Our data suggest a unique miRNA profile for HLHS that may be associated with defects in cardiac development and disease.

Introduction

MicroRNAs (miRNA, miRs) are small noncoding ∼22 nucleotide (nt) RNAs capable of modulating the expression of many genes by recognizing a reverse complementary 6 - 8 nucleotide “seed” sequence, most frequently located within 3′ untranslated regions (3′UTR) of mRNAs. The interaction of miRNAs and RNA binding proteins to the 3′UTR can cause translational repression or RNA destabilization. It is estimated that as much as 60% of the genome is subject to their regulation (1).

Over the past few years, several array-based studies have been published detailing changes in miR expression in normal versus failing adult human heart. The results of these studies have been summarized recently (1). miRs that repeatedly surface as dynamically regulated (up or down) in adult heart failure (HF) include: several let-7s, miR-1, miR-133a/b, miR-100, miR-195, miR-199, miR-214, miR-222, miR-23a/b, miR-29a/b, miR-30 family, and miR-320. We have recently shown that pediatric idiopathic dilated cardiomyopathy (IDC) patients display a miRNA profile that is quite different from the adult population suggesting that pediatric IDC is a unique disease process (2).

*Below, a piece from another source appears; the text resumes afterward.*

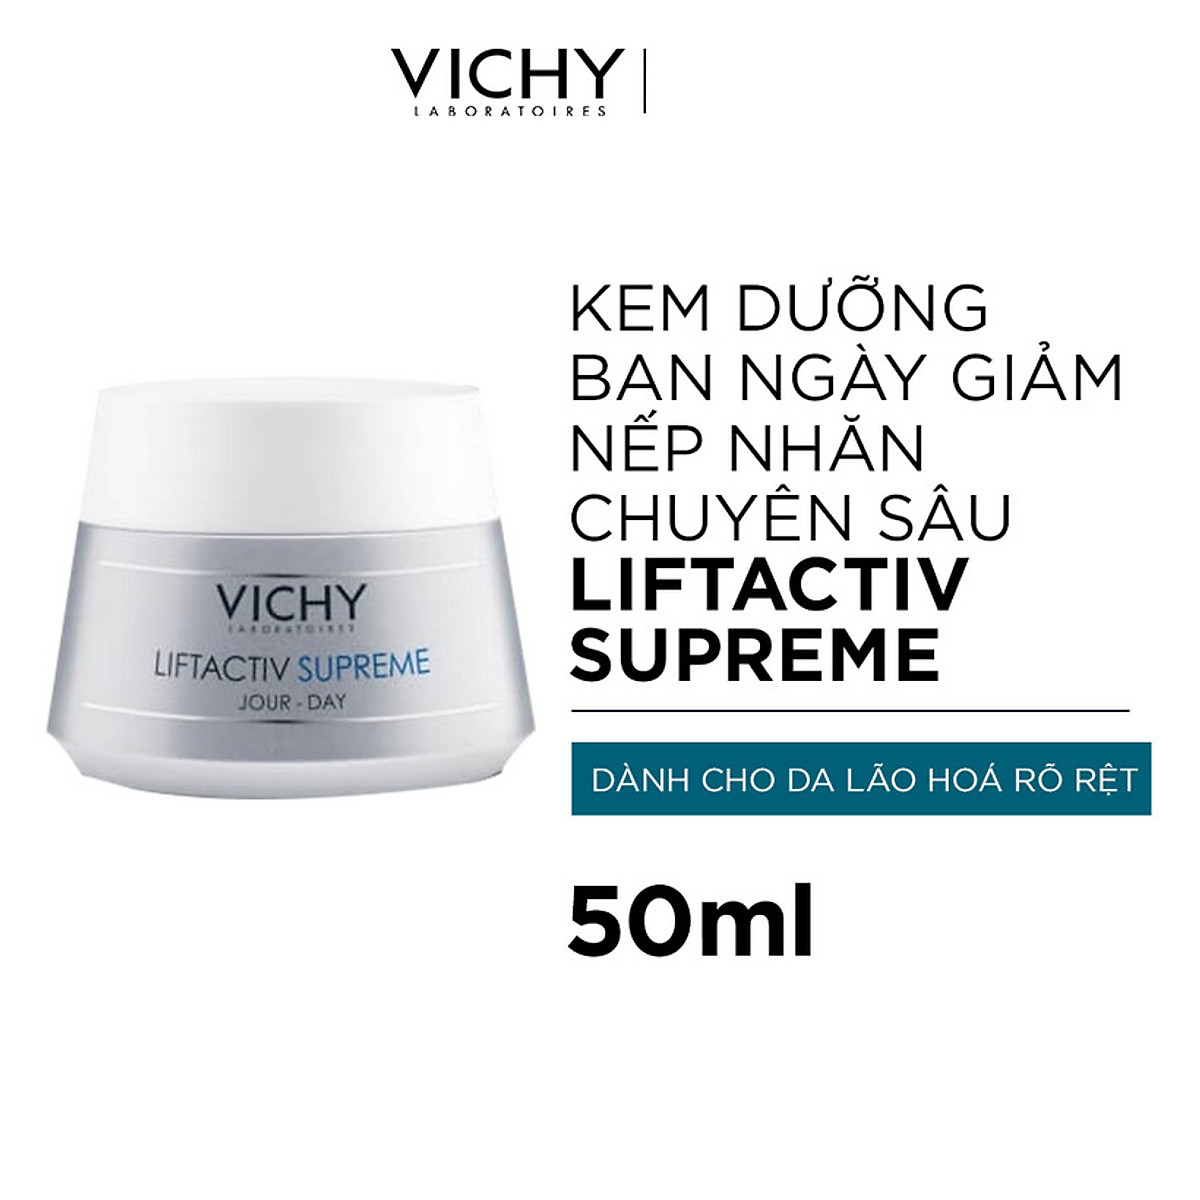 Kem Dưỡng Vichy Ngừa Lão Hóa & Làm Săn Chắc Da Ban Ngày 50ml Liftactiv Supreme Day Cream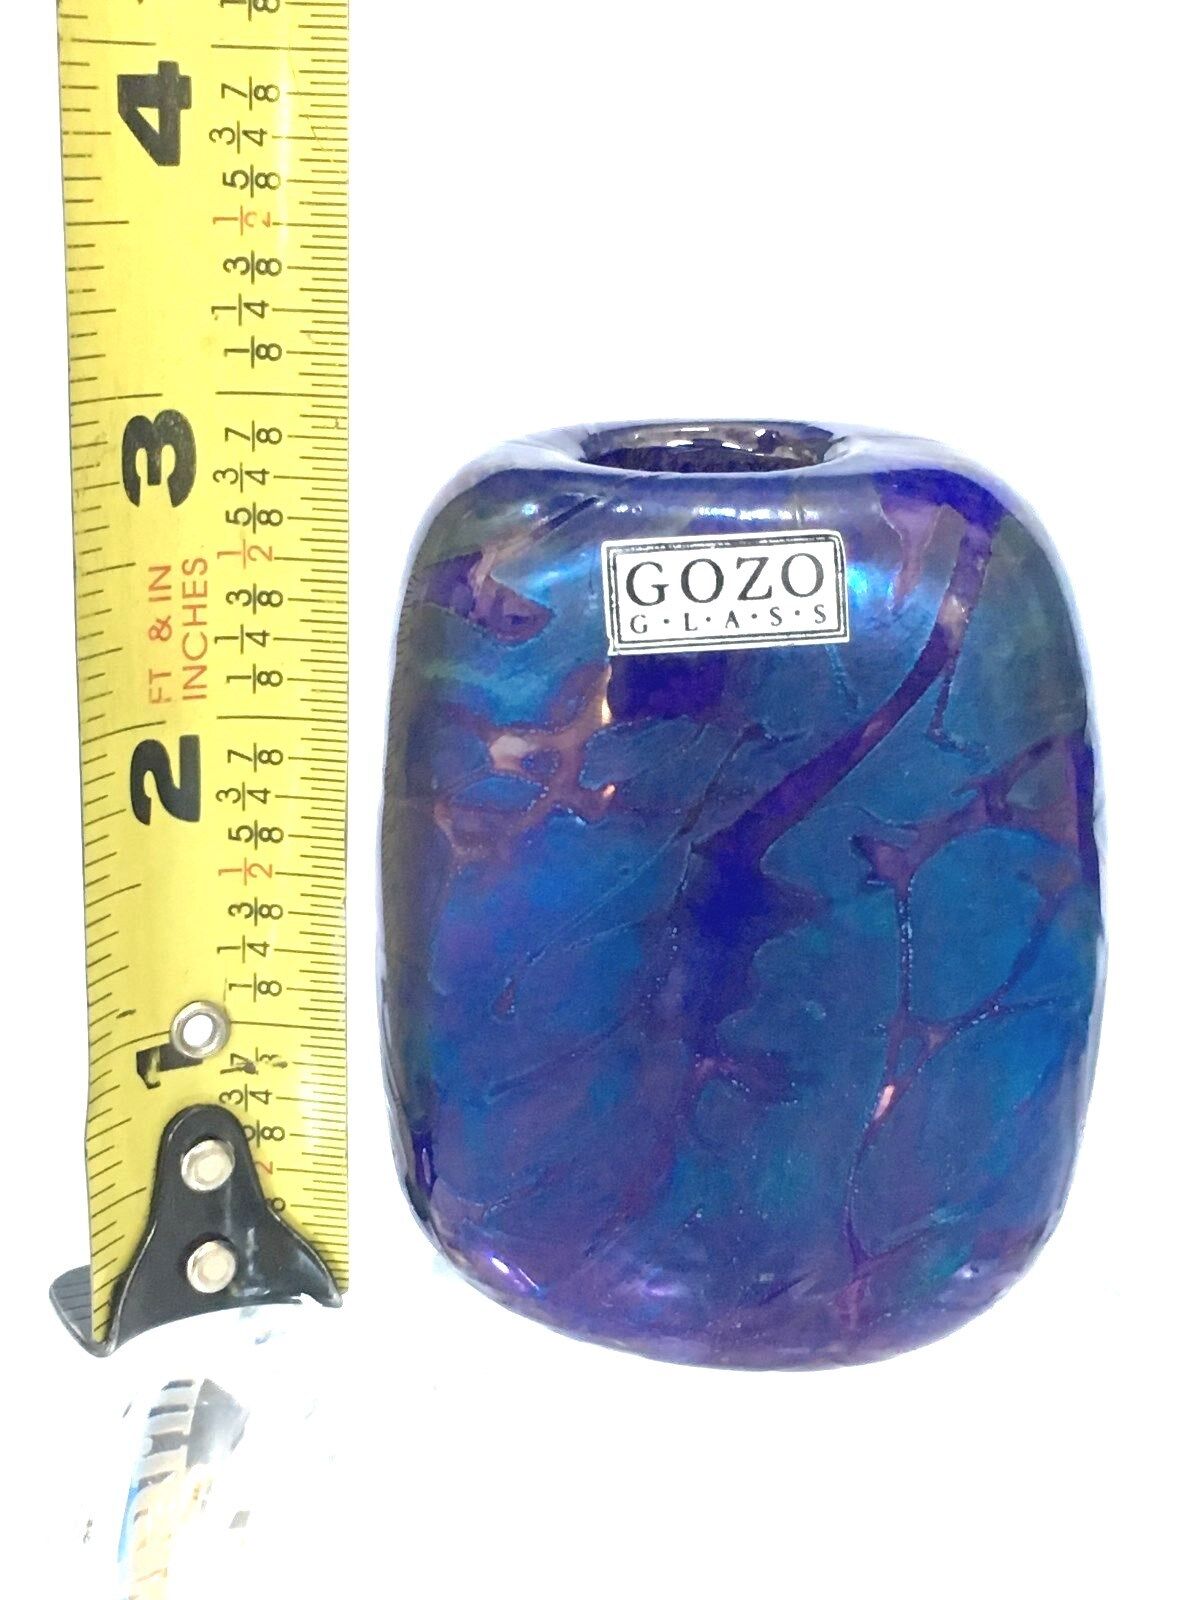 SIGNED GOZO GLASS BLUE VASE

Here we show that expression of a subset of miRNAs is differentially regulated in the right ventricle (RV) of pediatric patients with hypoplastic left heart syndrome (HLHS), a severe form of congenital heart disease. Furthermore, we show that volume unloading of the RV following surgical palliation normalizes expression of several miRNAs and their putative targets.

Materials and Methods

Tissue Procurement

Human subjects were males and females of all races and ethnic background ≤13 years of age who donated their heart to the institutional review board-approved pediatric heart tissue bank at the University of Colorado. Non-failing (NF) control hearts are obtained from donors whose heart could not be placed for technical reasons. HLHS RV tissue was obtained from explanted hearts of patients at the time of heart transplant. All heart tissue is rapidly flash frozen in the operating room immediately after removal from the subject. A detailed description of all pediatric patients can be found in Table S1. In table S1, RV failure is defined as signs and symptoms of heart failure in the setting of abnormal systolic function on echocardiogram, low cardiac output measured at catheterization [cardiac index below 2.5 L/min/m2] and/or diastolic dysfunction of the RV [end diastolic pressure of the RV >12mmHg] (3). Informed consent was obtained from all patients.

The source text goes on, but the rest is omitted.